→ **Input data**
=== Section Start ===

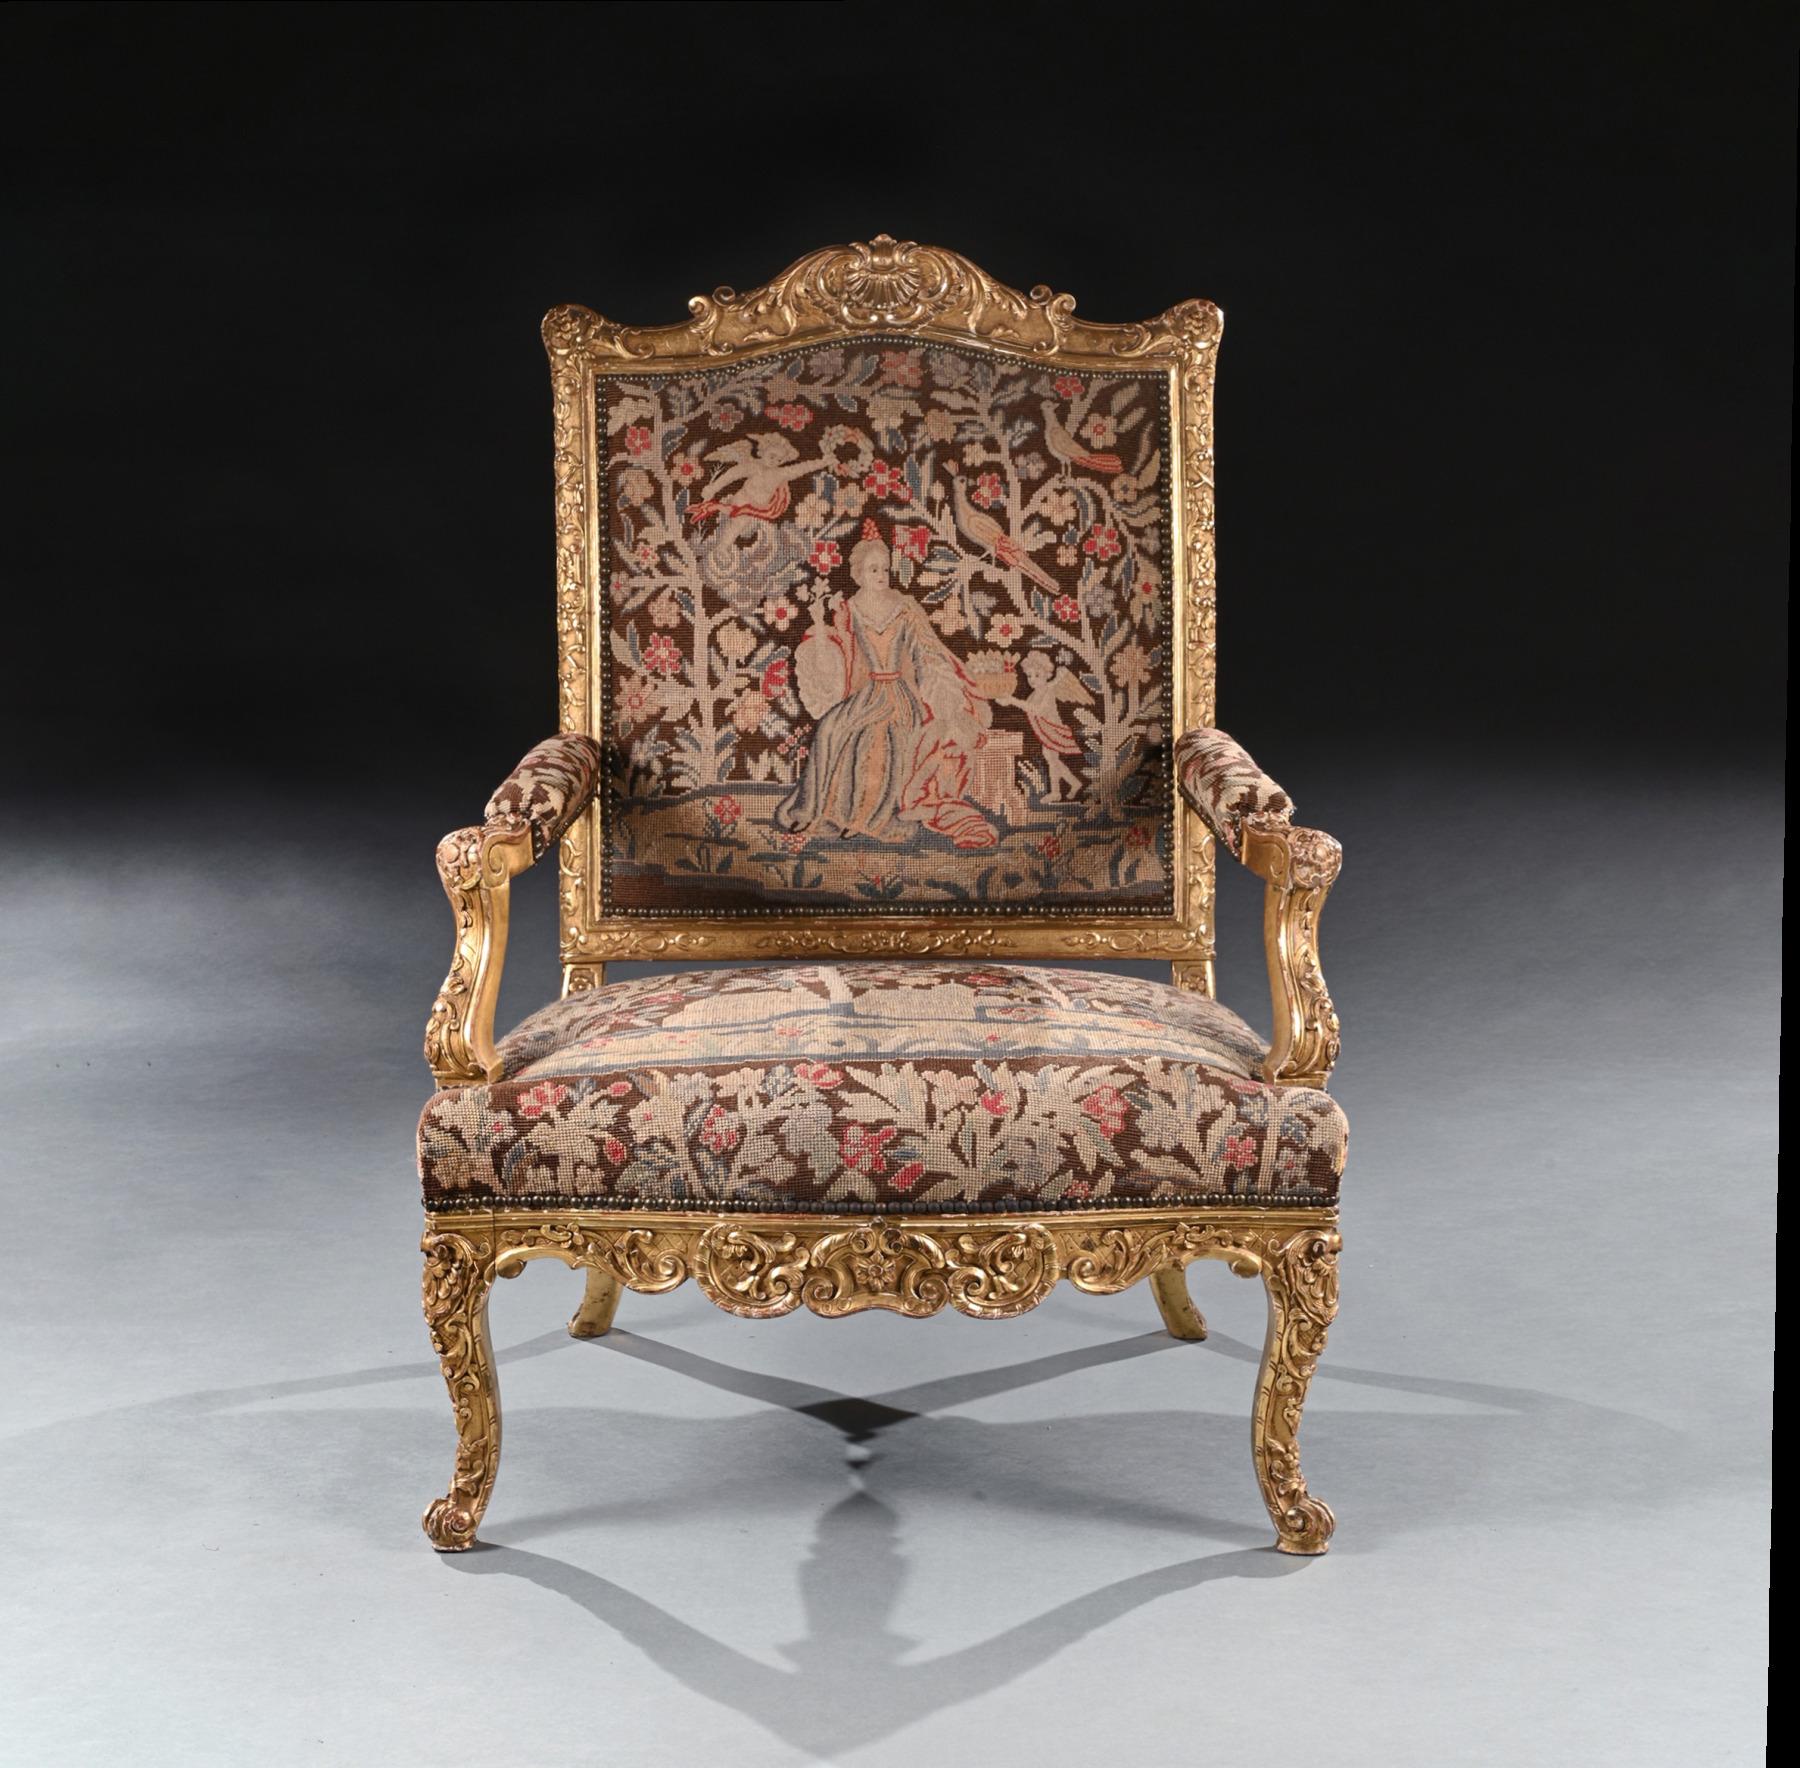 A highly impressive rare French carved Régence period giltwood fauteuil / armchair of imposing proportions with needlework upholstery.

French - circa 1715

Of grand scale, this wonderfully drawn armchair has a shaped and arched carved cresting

=== Section End ===

→ **Task**
In the listing above, find the line that contains "French - circa 1715". Write it out exactly, along with each line after it up to and including the last.

→ **Worked solution**
French - circa 1715

Of grand scale, this wonderfully drawn armchair has a shaped and arched carved cresting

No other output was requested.